━━━ Collected material
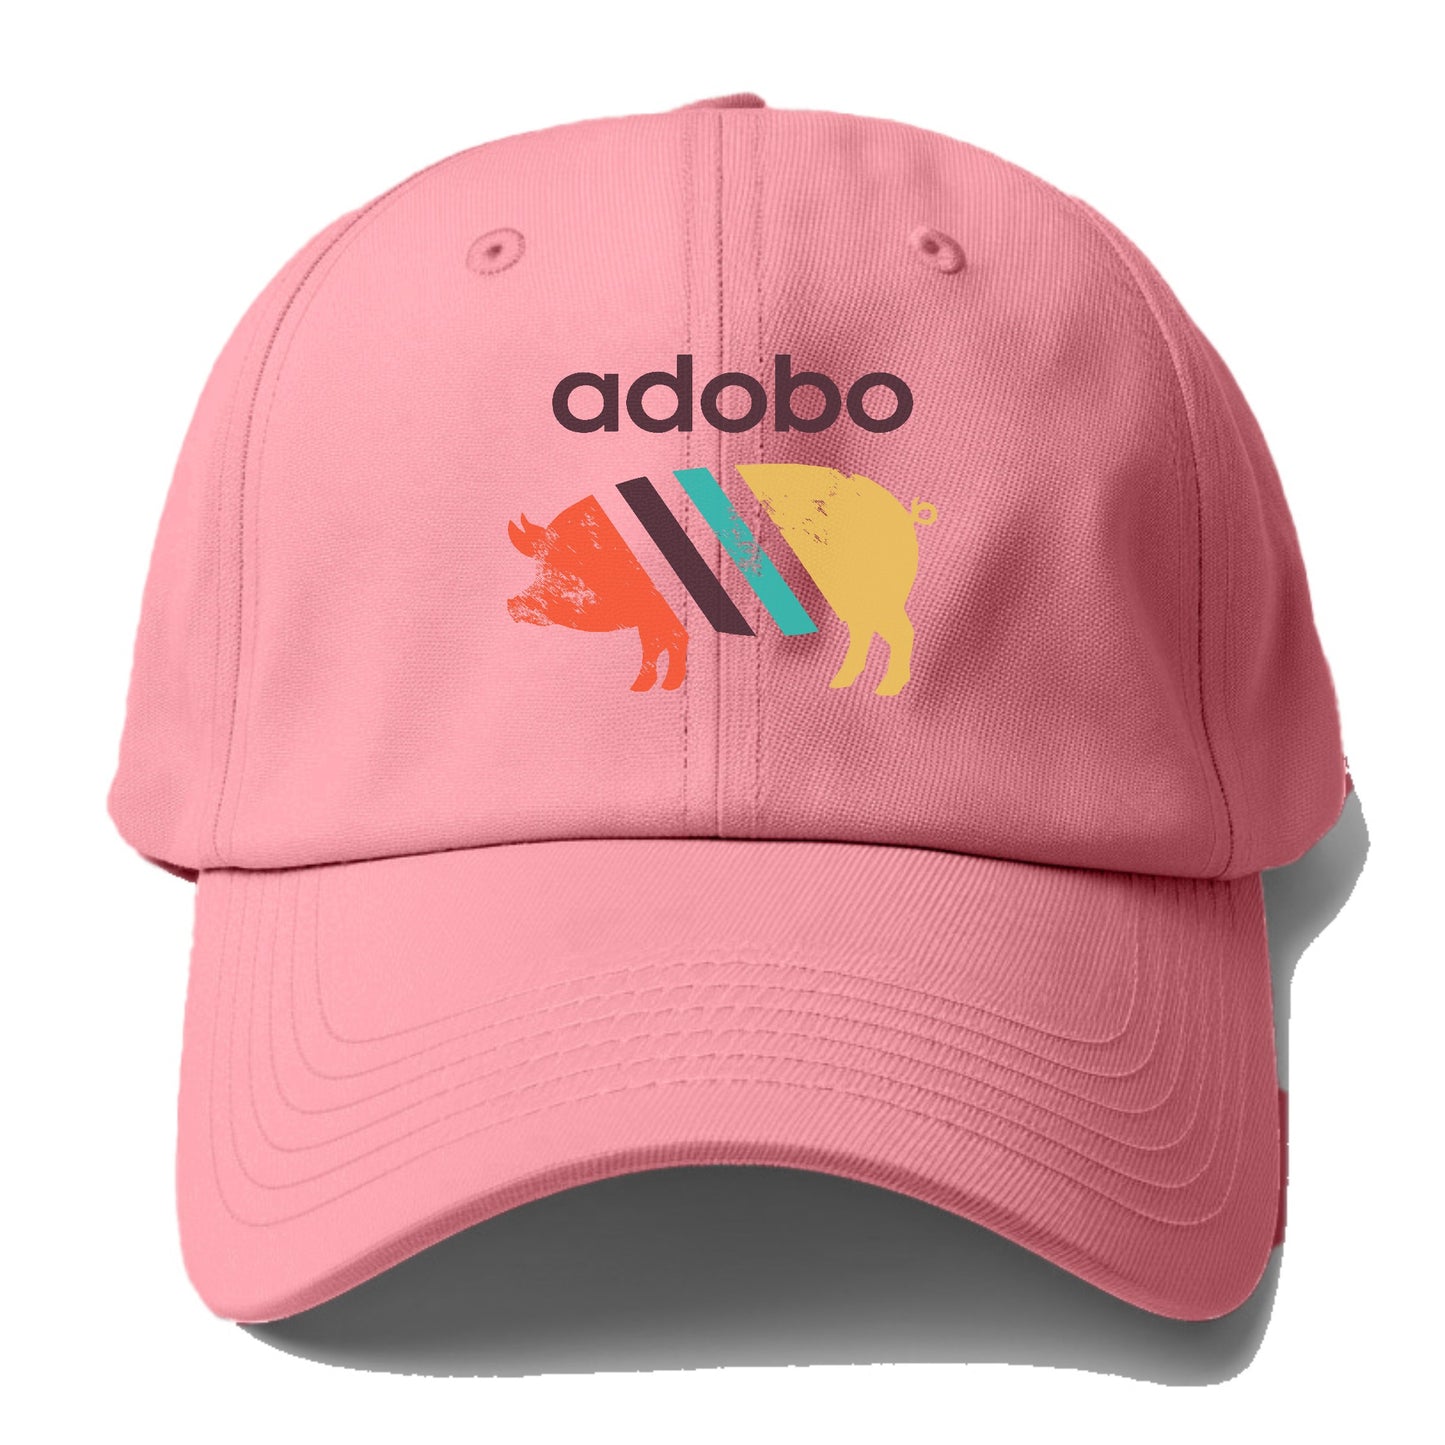 adobo Hat
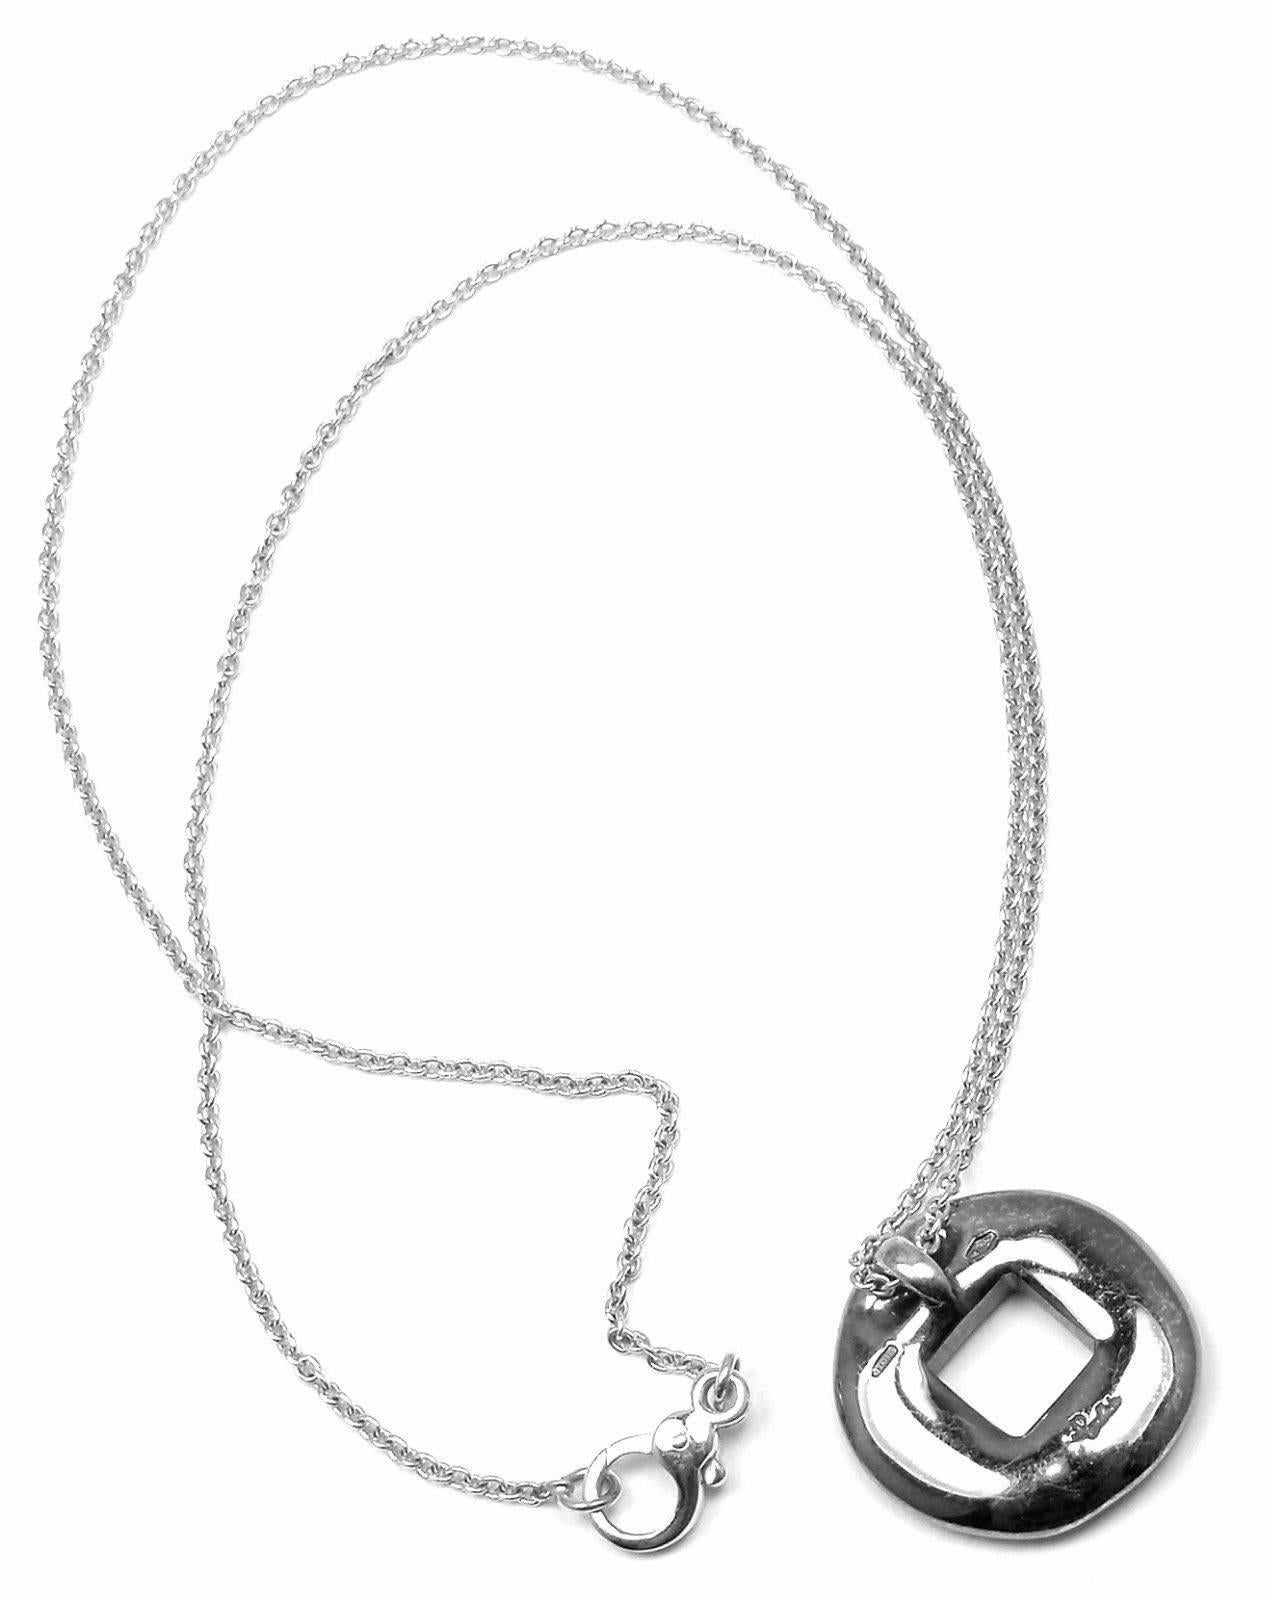 Women's or Men's Pomellato Sapphire White Gold Pendant Necklace
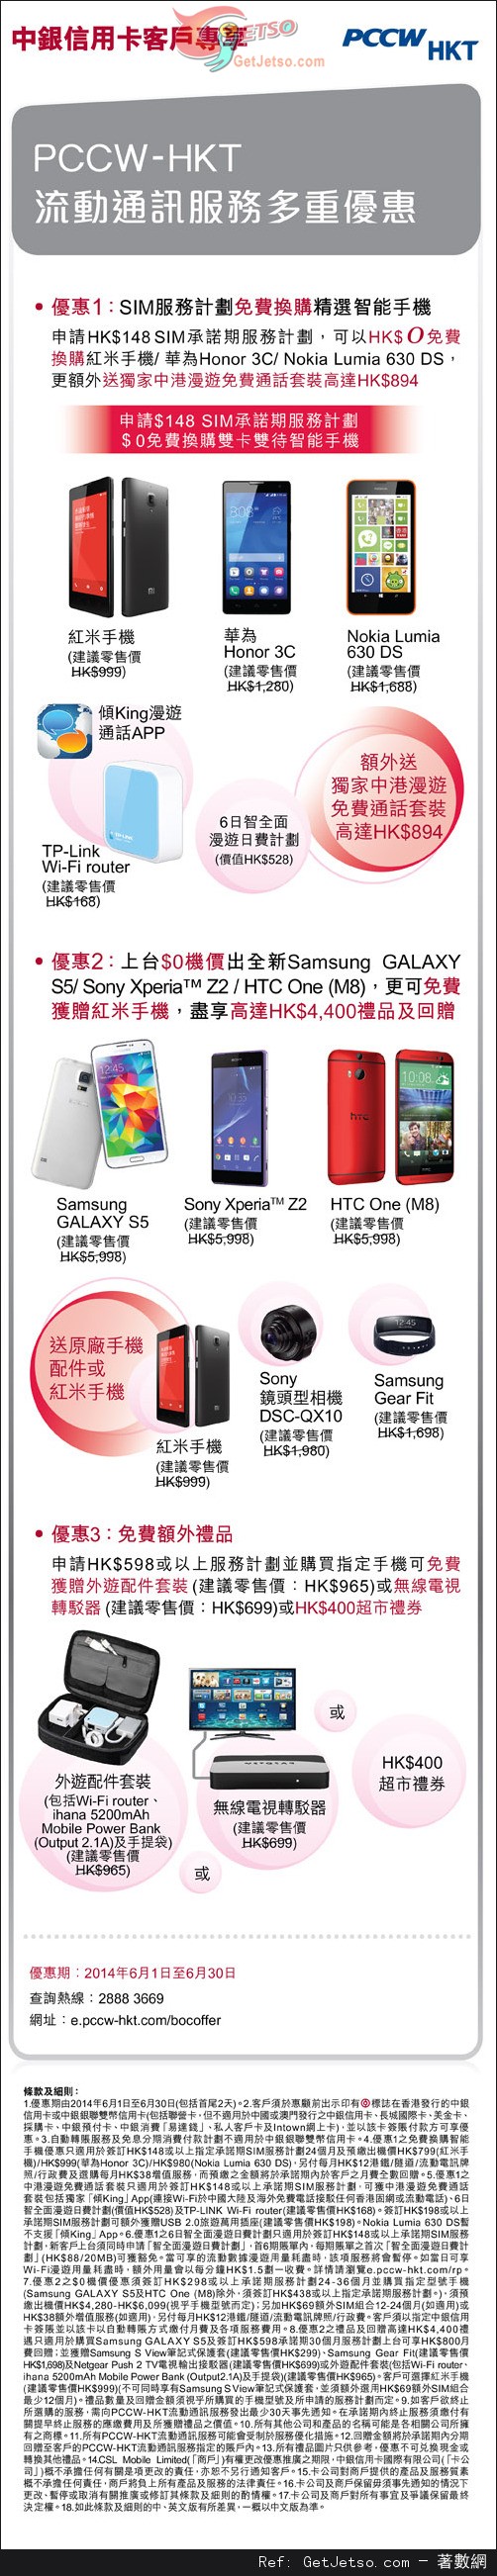 中銀信用卡享PCCW-HKT流動通訊服務多重優惠(至14年6月30日)圖片1
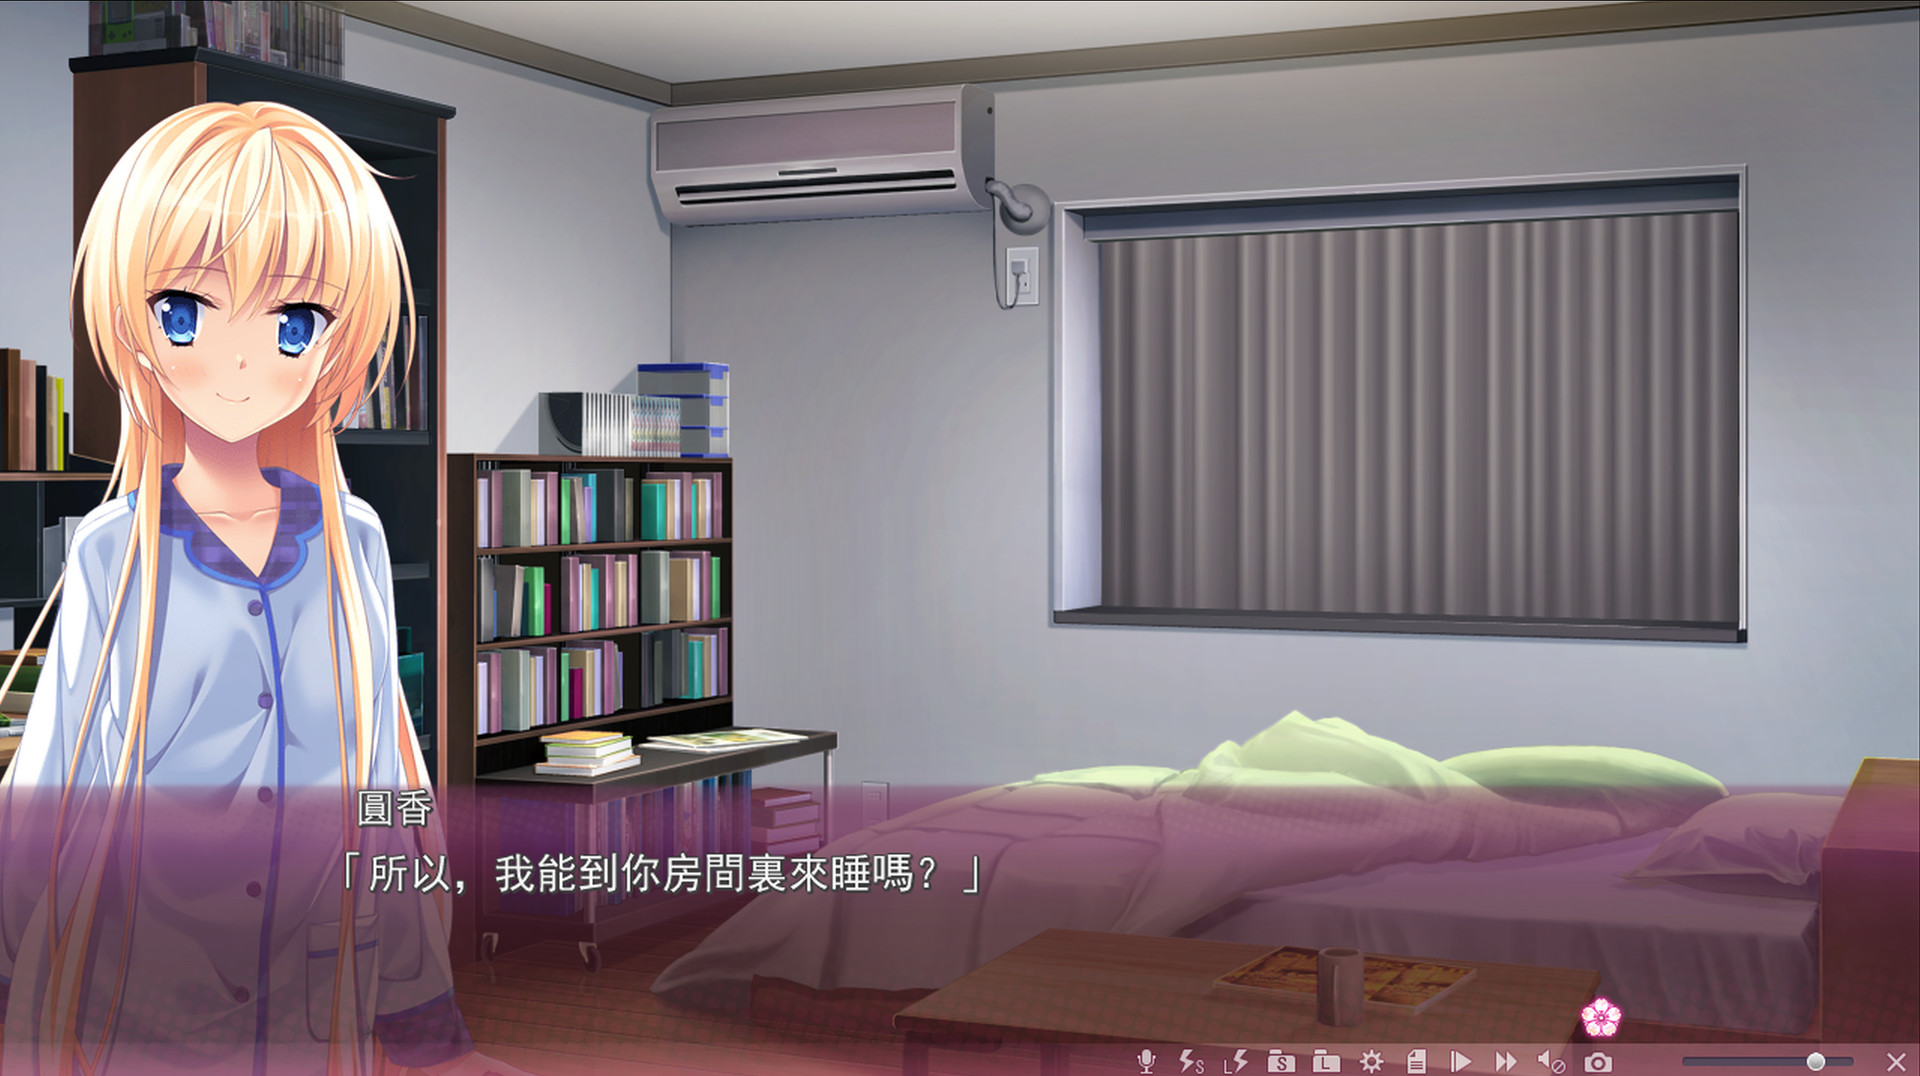 Sakura no Mori † Dreamers2(Traditional Chinese) - Visual Novel - 2 - Select
━━━━━━
• [Task requirements]:
Give back exactly the lines from the one that contains "Women's or Men's" to the final line of the data above, both included, with all pictures removed.

• [Exercise result]:
 Women's or Men's Pomellato Sapphire White Gold Pendant Necklace
 中銀信用卡享PCCW-HKT流動通訊服務多重優惠(至14年6月30日)圖片1
 Sakura no Mori † Dreamers2(Traditional Chinese) - Visual Novel - 2 - Select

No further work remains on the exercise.